Our study suggests several avenues investigators, funders, or IRBs might consider for improving the risk–benefit balance of PD studies. First, we recommend the research community develop formalized reporting guidelines similar to REMARK and CONSORT. Second, given our observation that separate PD-reporting trends towards higher quality, and that reporting quality for PD studies may be constrained by word counts at journals, we encourage investigators to consider separate PD publication, using standard methods described in a reference or reporting methods in supplementary materials (Toulmonde et al, 2011). Journal editors may have a role in limiting ‘text limitation bias.’ Third, given that PD components might not be registered in http://www.clinicaltrials.gov, IRBs might have a more active role in promoting reporting and publication by asking investigators to provide a detailed reporting plan for PD studies. A recent article recommended the creation of an online biomarker study registry similar to http://www.clinicaltrials.gov (Andre et al, 2011). We support extending this initiative to PD.

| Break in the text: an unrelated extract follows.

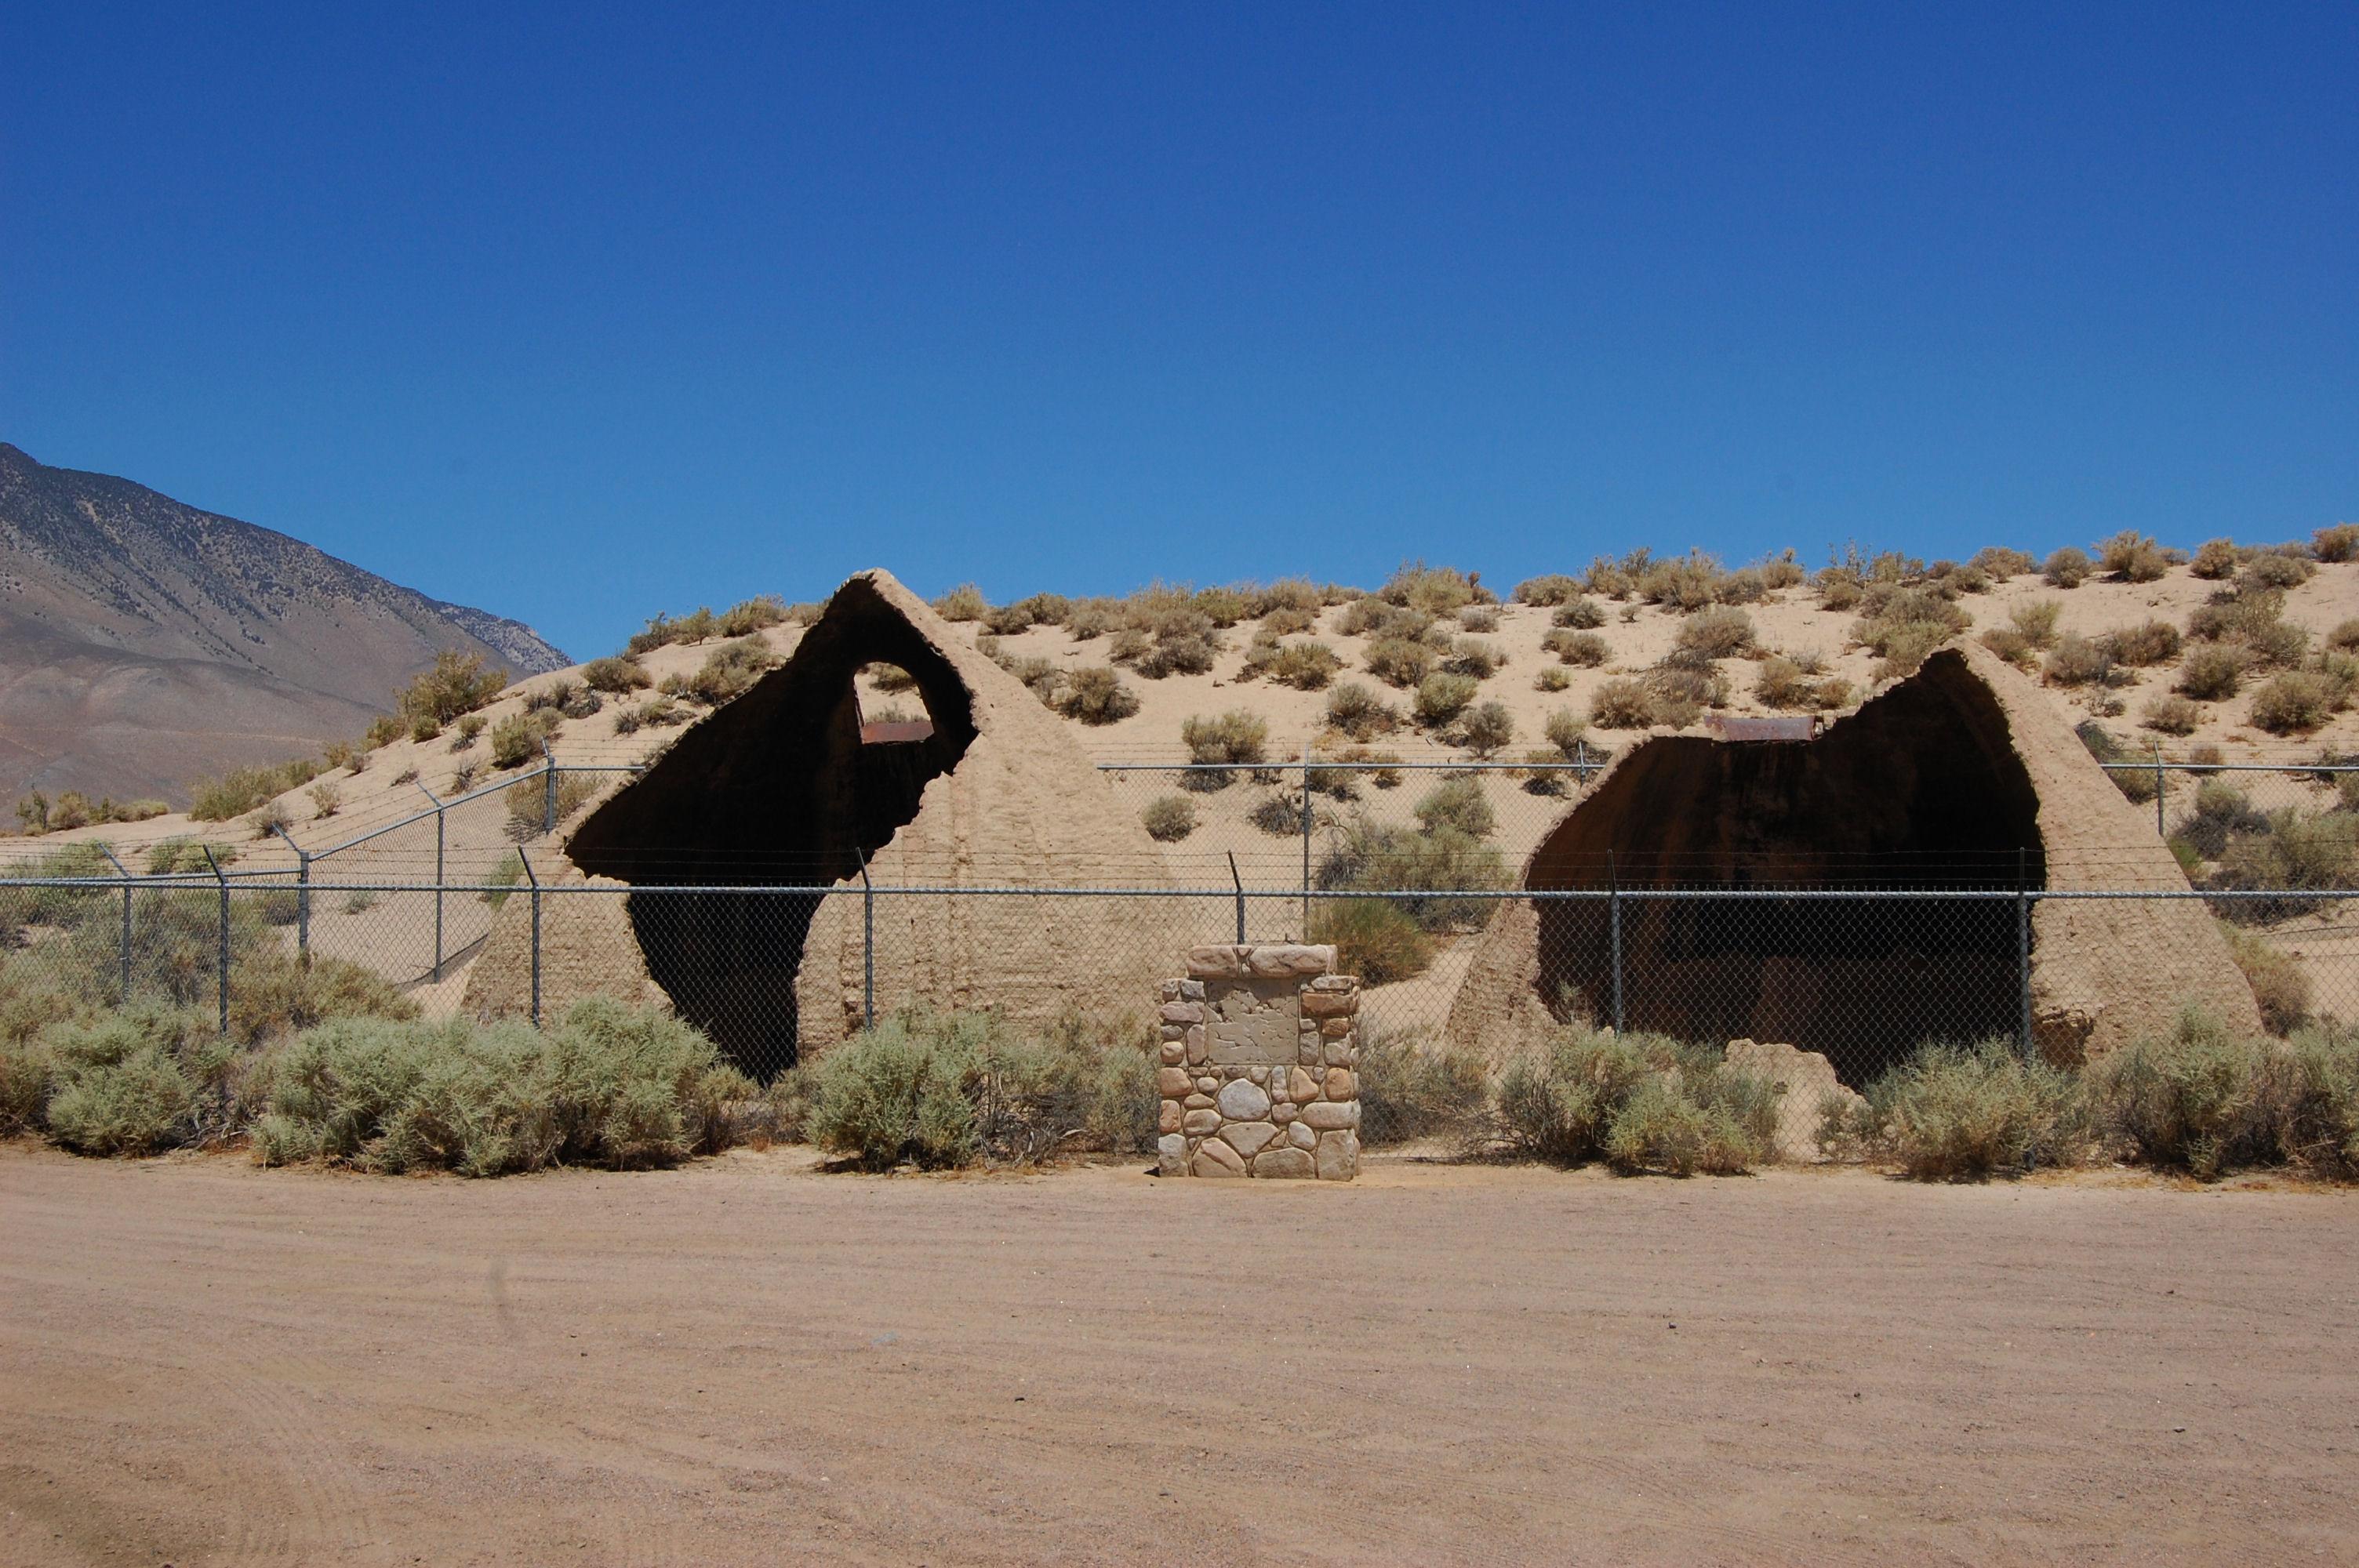 http://upload.wikimedia.org/wikipedia/commons/8/80/Cottonwood_Charcoal_Kilns.jpg

Together with a previous study by our team, our results offer a complex picture of the quality of reporting for PD studies involving non-diagnostic biopsy. A preponderance of positive results, coupled with a finding that 63% of PD studies go unreported suggests biases. Low perceived quality of reports, and low reporting of basic factors like patient flow, suggests considerable room for improvement. On the other hand, some studies demonstrate careful reporting, many negative results are reported, and a large fraction of studies report that PD findings will help guide future investigations. In the end, we conclude that the evidence gathered above provides ammunition for proponents as well as opponents of research biopsies in cancer. In any event, our findings and analysis provide grounds for developing and disseminating PD-reporting standards.